Paris (AFP)

Nicolas Sarkozy will he be the second former president sentenced under the Fifth Republic after Jacques Chirac?

The Paris Criminal Court delivers its judgment on Monday in the so-called "eavesdropping" case, after heavy requisitions in December.

The president of the 32nd chamber, Christine Mée, must start reading her decision from 1:30 p.m. and say whether the former head of state is found guilty of the offenses of corruption and influence peddling, which he contests .

On December 8, the National Financial Prosecutor's Office (PNF) demanded against the 66-year-old ex-president four years' imprisonment, two of which were firm, considering that the presidential image had been "damaged" by this affair with "devastating effects" .

Whatever the court's decision, it will be historic, more than nine years after Jacques Chirac was sentenced to two years in prison in the case of fictitious jobs in the city of Paris.

This decision will also be crucial for Nicolas Sarkozy, who faces a second trial on March 17, in the "Bygmalion" affair, relating to the costs of his 2012 presidential campaign.

Withdrawn from politics since 2016 but still very popular on the right, a year before the next presidential election, Nicolas Sarkozy firmly demanded at the helm to be "washed away from this infamy".

- "I bring it up" -

The case of "eavesdropping" dates back to 2014. At that time, the use of WhatsApp and other encrypted messaging was not widespread, highlighted the former head of state.

As part of the investigation into the suspicions of Libyan financing of his 2007 presidential campaign - which has since earned him a quadruple indictment - the judges discover that Nicolas Sarkozy is using a secret telephone line, opened under the alias of "Paul Bismuth", to communicate with his lawyer Thierry Herzog.

About ten of their conversations were transcribed.

They prove according to the accusation that a "corruption pact" was concluded between Nicolas Sarkozy, his lawyer and the former high magistrate Gilbert Azibert.

For the prosecution, Gilbert Azibert transmitted, via Thierry Herzog, information covered by secrecy and tried to influence a cassation appeal formed by Nicolas Sarkozy, on the sidelines of the Bettencourt affair.

In exchange, the latter agreed to support the candidacy of the magistrate, then Advocate General in a civil chamber of the highest jurisdiction, for a prestigious position in Monaco.

"He worked eh!"

notably launches Me Herzog in one of the exchanges read at the hearing.

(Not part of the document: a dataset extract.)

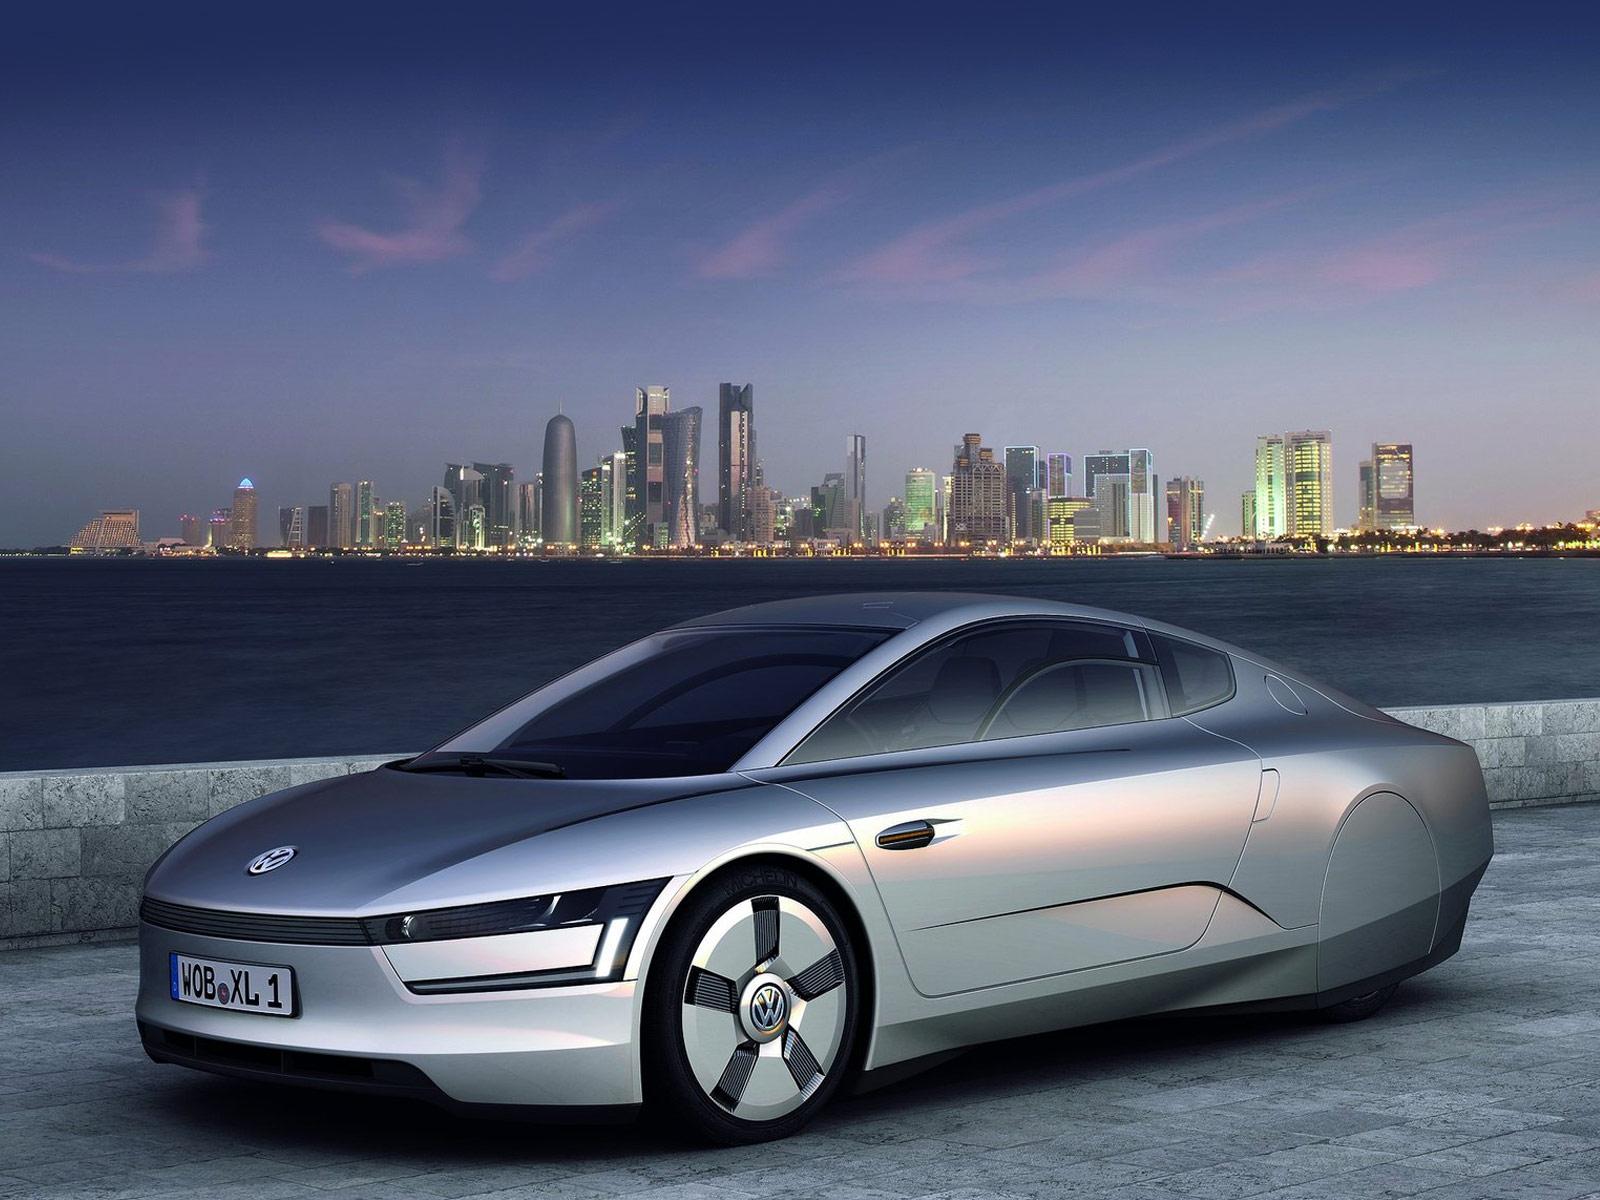 2011 volkswagen xl1 concept car desktop wallpapers auto trends magazine. Black Bedroom Furniture Sets. Home Design Ideas

"Me, I bring it up," said Nicolas Sarkozy another day.

The same sentence - four years of imprisonment including two firm - was required against the three defendants, accompanied for Me Herzog with a request for professional prohibition of five years.

- "Fantasies" -

These conversations were only "chatter between friends", argued the defense lawyers, who ridiculed the "fantasies", "assumptions" and "lawsuits" of the prosecution.

Faced with a "desert of evidence", they pleaded in unison for the release of the defendants, who face ten years in prison and a million euros fine.

Asked by AFP, they did not wish to speak before the deliberation.

In court, they argued that in the end, Nicolas Sarkozy did not succeed before the Court of Cassation and that Gilbert Azibert never had a post in Monaco.

According to the law, however, it is not necessary for the consideration to have been obtained, nor for the influence to be real, to characterize the offenses of corruption and influence peddling.

Throughout the trial, in a stormy atmosphere, the defense shelled a "trash" file, demanding the cancellation of the entire procedure, based according to it on "illegal" wiretapping because violating the secrecy of exchanges between a lawyer and his client.

The defendants' lawyers also torpedoed a parallel preliminary investigation conducted by the PNF.

Aiming to identify a possible mole having been able to inform Thierry Herzog in 2014 that the Bismuth line was "connected", it led to their detailed telephone bills ("fadettes") being peeled.

It was closed almost six years after it opened.

Three magistrates of the financial prosecutor's office, in particular his former head Eliane Houlette, have been targeted since September by an administrative investigation, the conclusions of which are imminent.

In this tense context, the current boss of the PNF, Jean-François Bohnert, had come in person on the day of the indictment to defend the institution just created when the "tapping" affair broke out, and to assure: "No one here does not seek revenge on a former President of the Republic ".